» Task details:
Output, word for word, each line from the one with "El distrito financiero" through the end of the listing below, excluding every picture.

» Provided material:
######
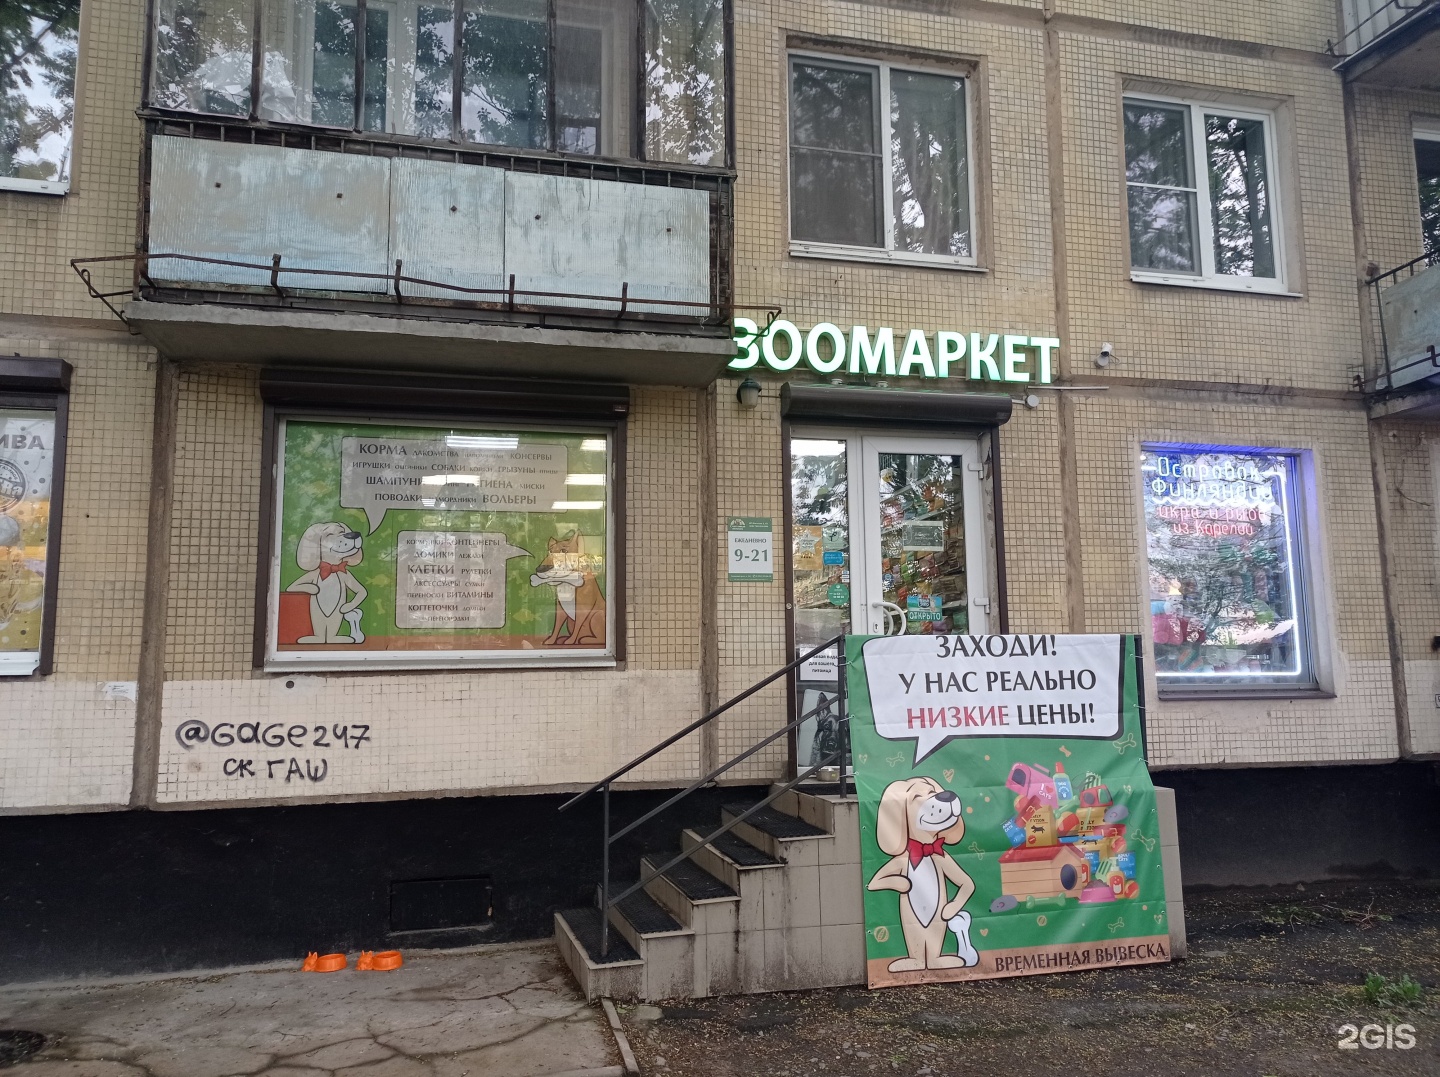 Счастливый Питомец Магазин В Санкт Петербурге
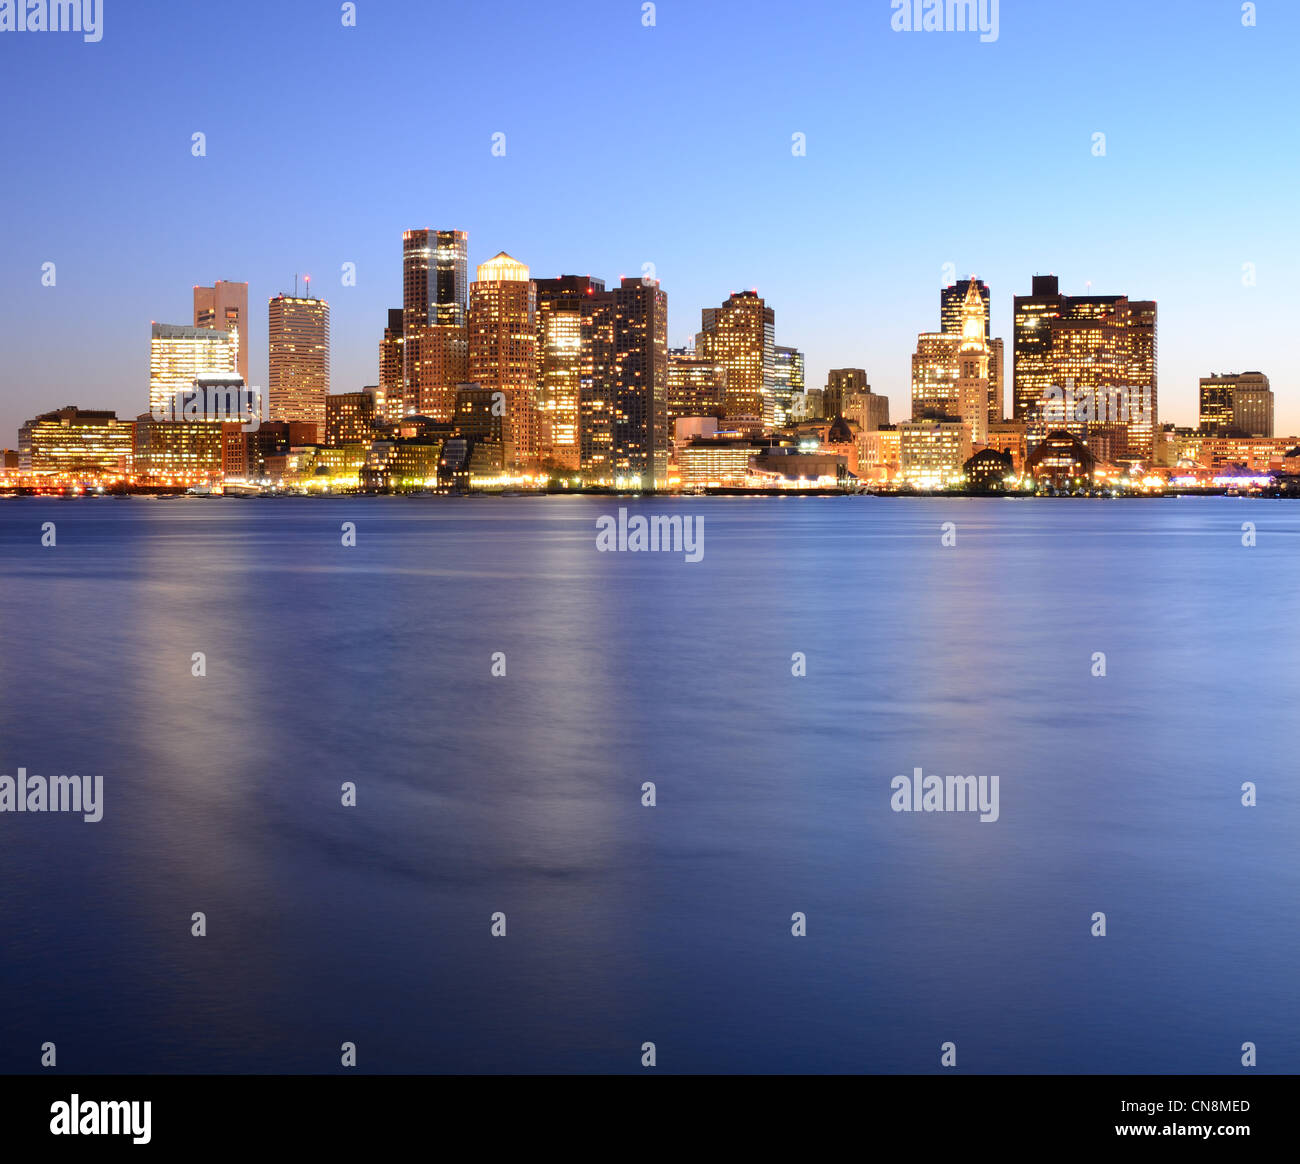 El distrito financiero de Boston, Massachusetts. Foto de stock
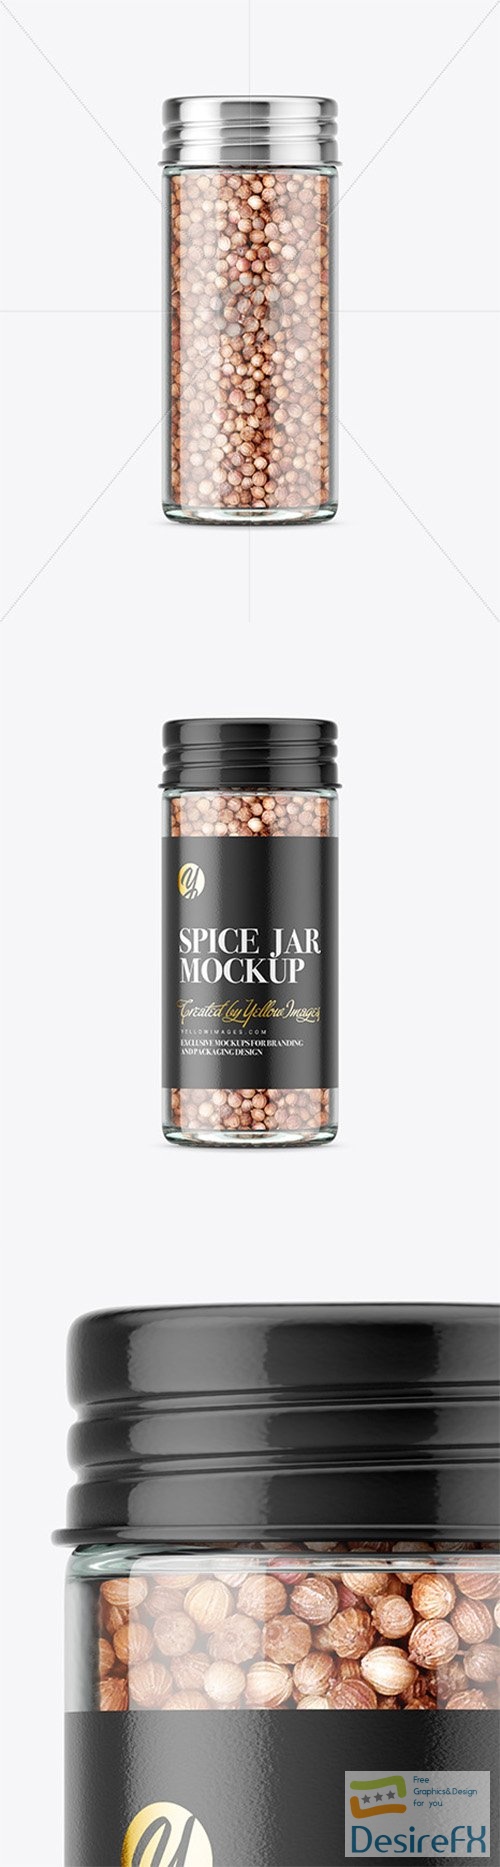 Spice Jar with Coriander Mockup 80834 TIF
######
» Response to this exercise:
 El distrito financiero de Boston, Massachusetts. Foto de stock
 Spice Jar with Coriander Mockup 80834 TIF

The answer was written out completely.